One afternoon, sitting on a stump under the guava tree, my eyes out on stalks
when I looked at the hill in front of me at my old mud-block house(1).
The bare land of the flat hilltop, seemed an open wound bleeding silently,
"the sorrow of the sign of erosion".
Three days went by!
Now the afternoon is stormy, with heavy rain that falls suddenly washing everything
away, casting leaves on every side.
I, at the veranda windows, again felt panic as I looked at the flat hill-top
The torrent of red earth that poured down the hill seemed like a river of blood
hurtling down, its waters bearing cockerels, insects, roots and, with the mud
and the plants, "the sorrow of the sign of erosion".
On the third day the rain abated, I got out of the house to see the plantation
in the gully (2)
I settled down in front of what used to be my plot. Now it was my heart that
bled, broken by the pain of loss.
Not a stalk of beans to be seen, the orchards not a clue where they'd been,
mandioc uprooted, I'd no idea where my pumpkin and squash patch was.
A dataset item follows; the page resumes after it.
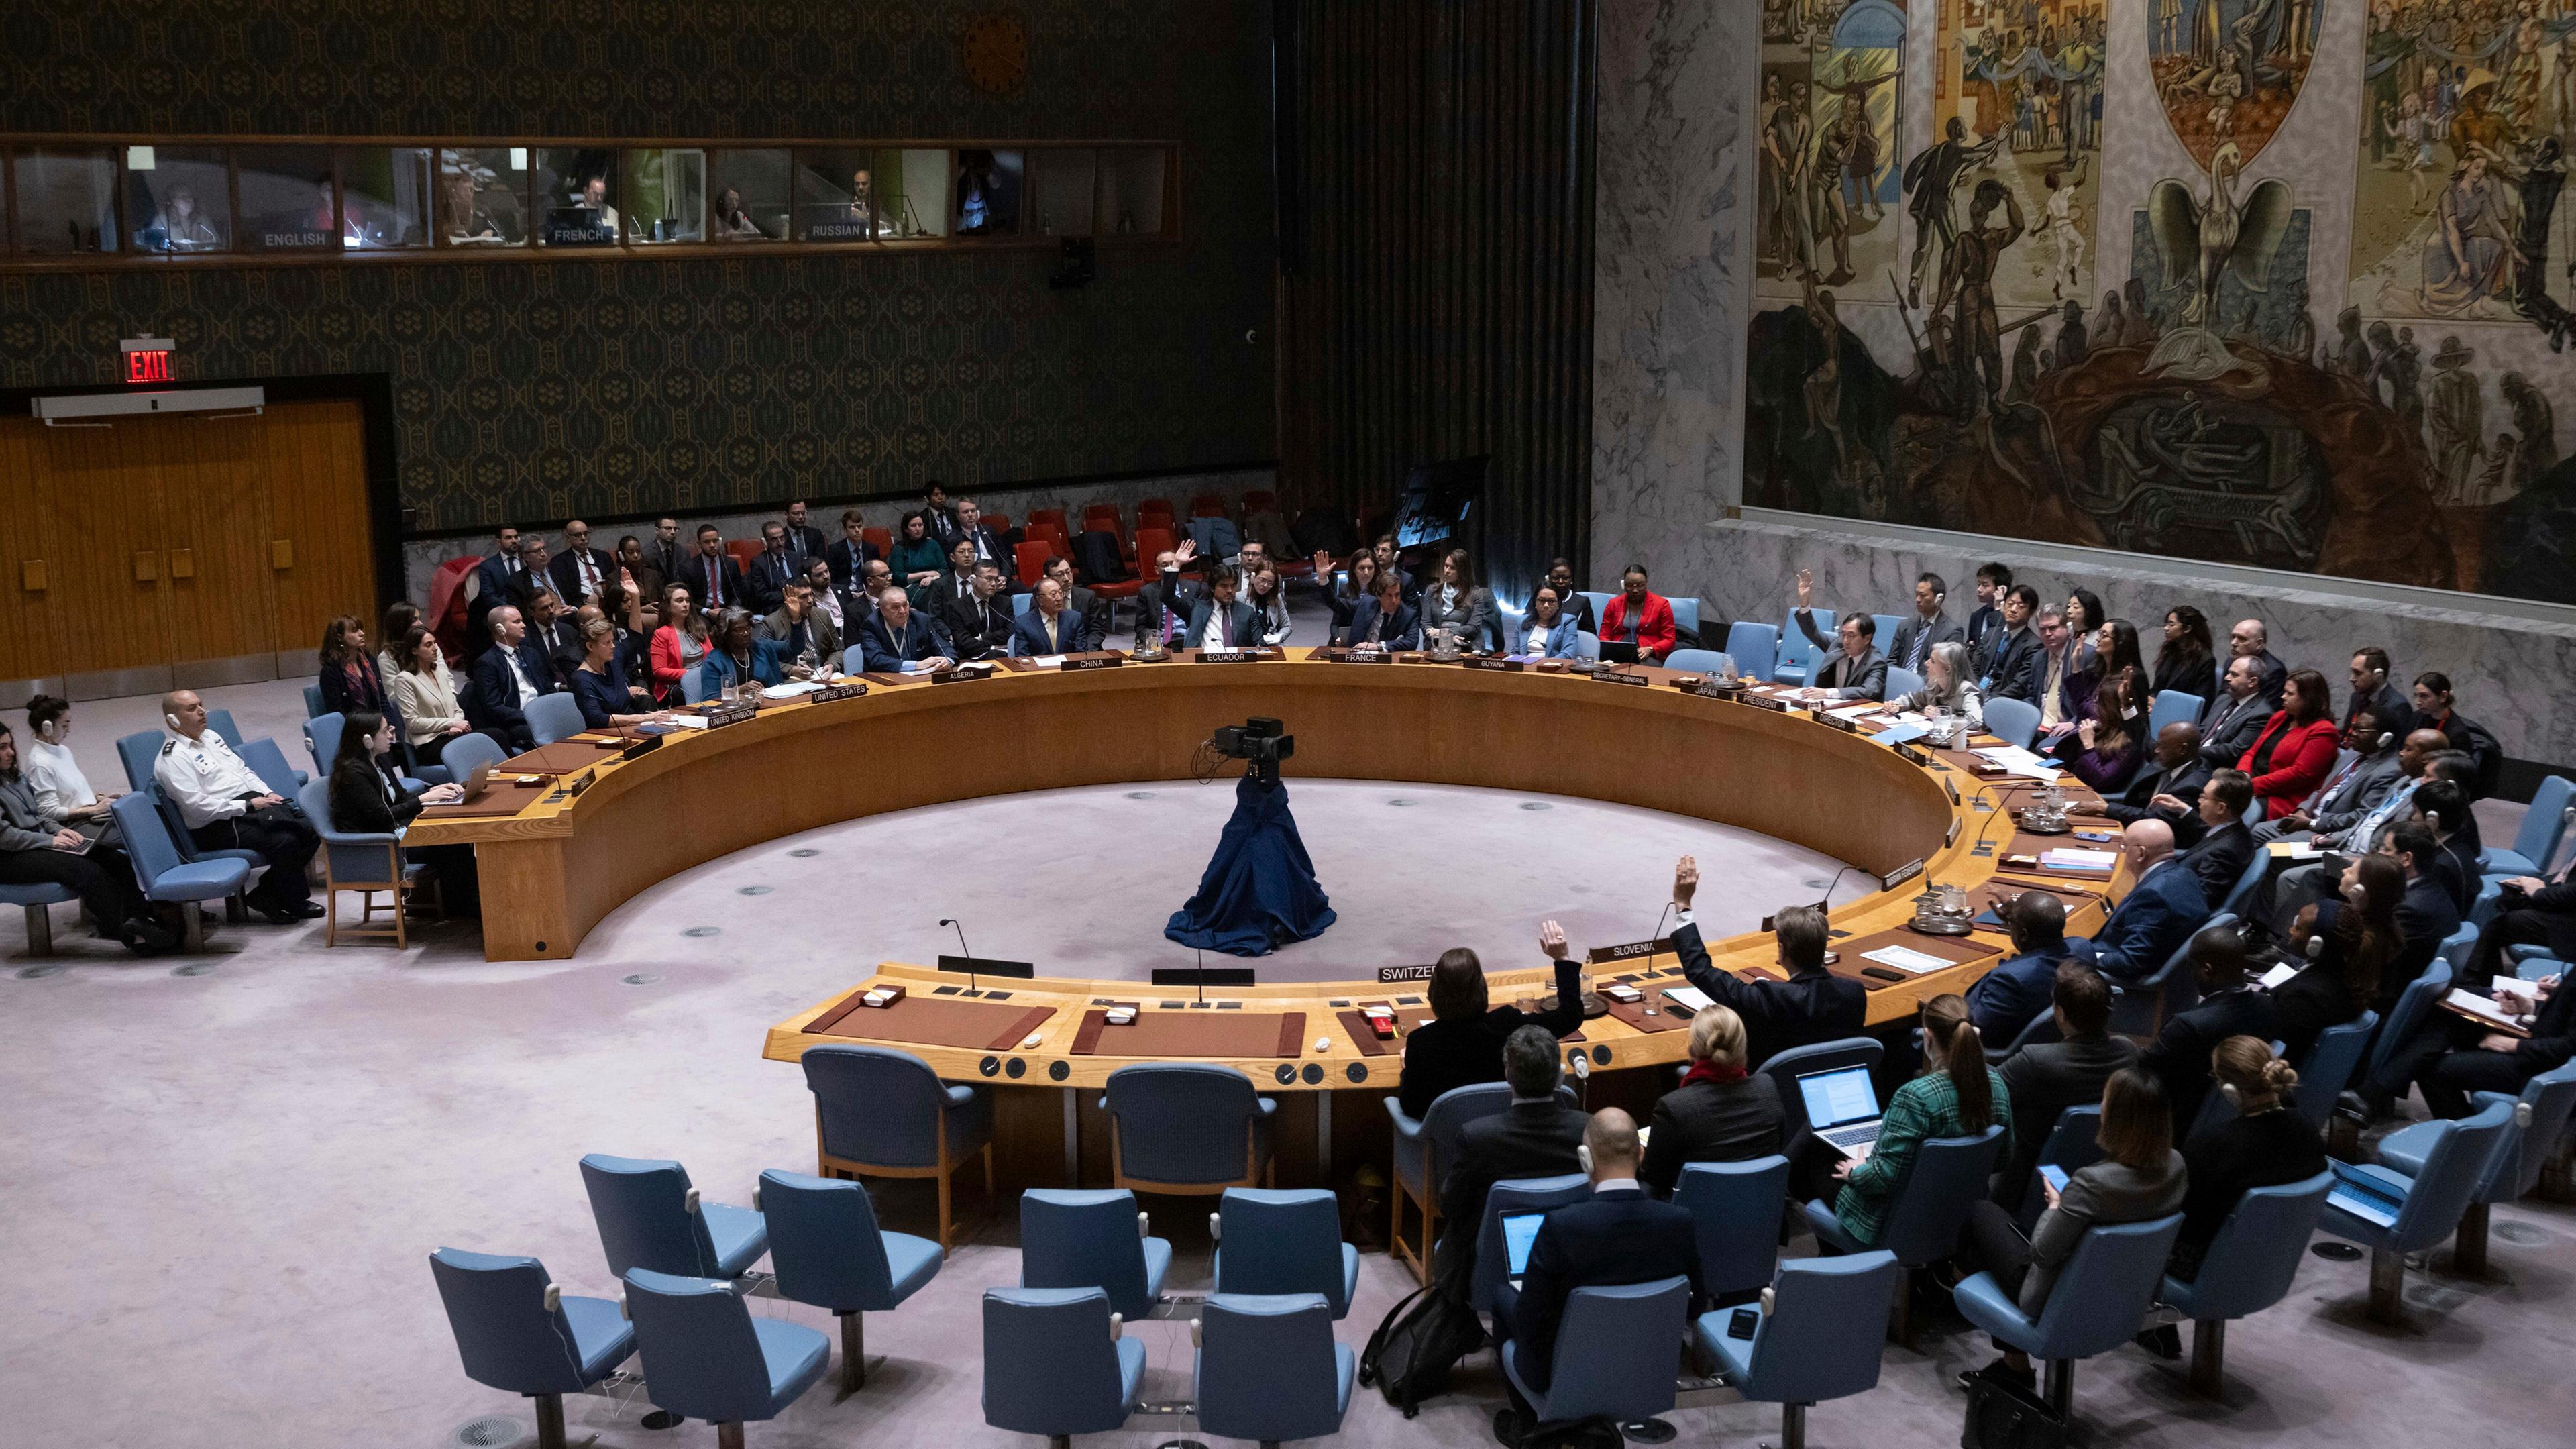  USA, New York: Vertreter der Mitgliedsländer stimmen während einer Sitzung des Sicherheitsrates im Hauptquartier der Vereinten Nationen ab.

All I could see was red earth covering the plantations.
I looked over there at the hilltop stripped bare. The crater on the slope,
now cleaner, deeper, seemed like a gaping throat, an open mouth guffawing, laughing
at men for futilely sowing his own woes.
If there had been any trees on the hill, if there had been some protection,
my plot would have been saved, for bushes hold back in the rain flood and spread
the water evenly across the whole surface.
But when man has cut down woods forever, the water flows straight through the
little furrows and breaks out, carrying before it everything in its path, even
nature's loam of the soil, leaving the land ever drier.
I looked again at the hillside, it seemed to laugh no longer.
I too fell grave. For days face to face, the hill stripped naked and defenceless,
and I paying a high price for the destruction of nature, feeling in my torn
heart, "the sorrow of the sign of erosion".
1 Editor's note: mud-block hut: a type of dwelling common in the north
of Minas Gerais, built with a lattice-work of sticks on which mud is packed.
2 Editor's note: hollow: a preferred locale for planting, generally
on the side of a mountain where the hills form a half-moon.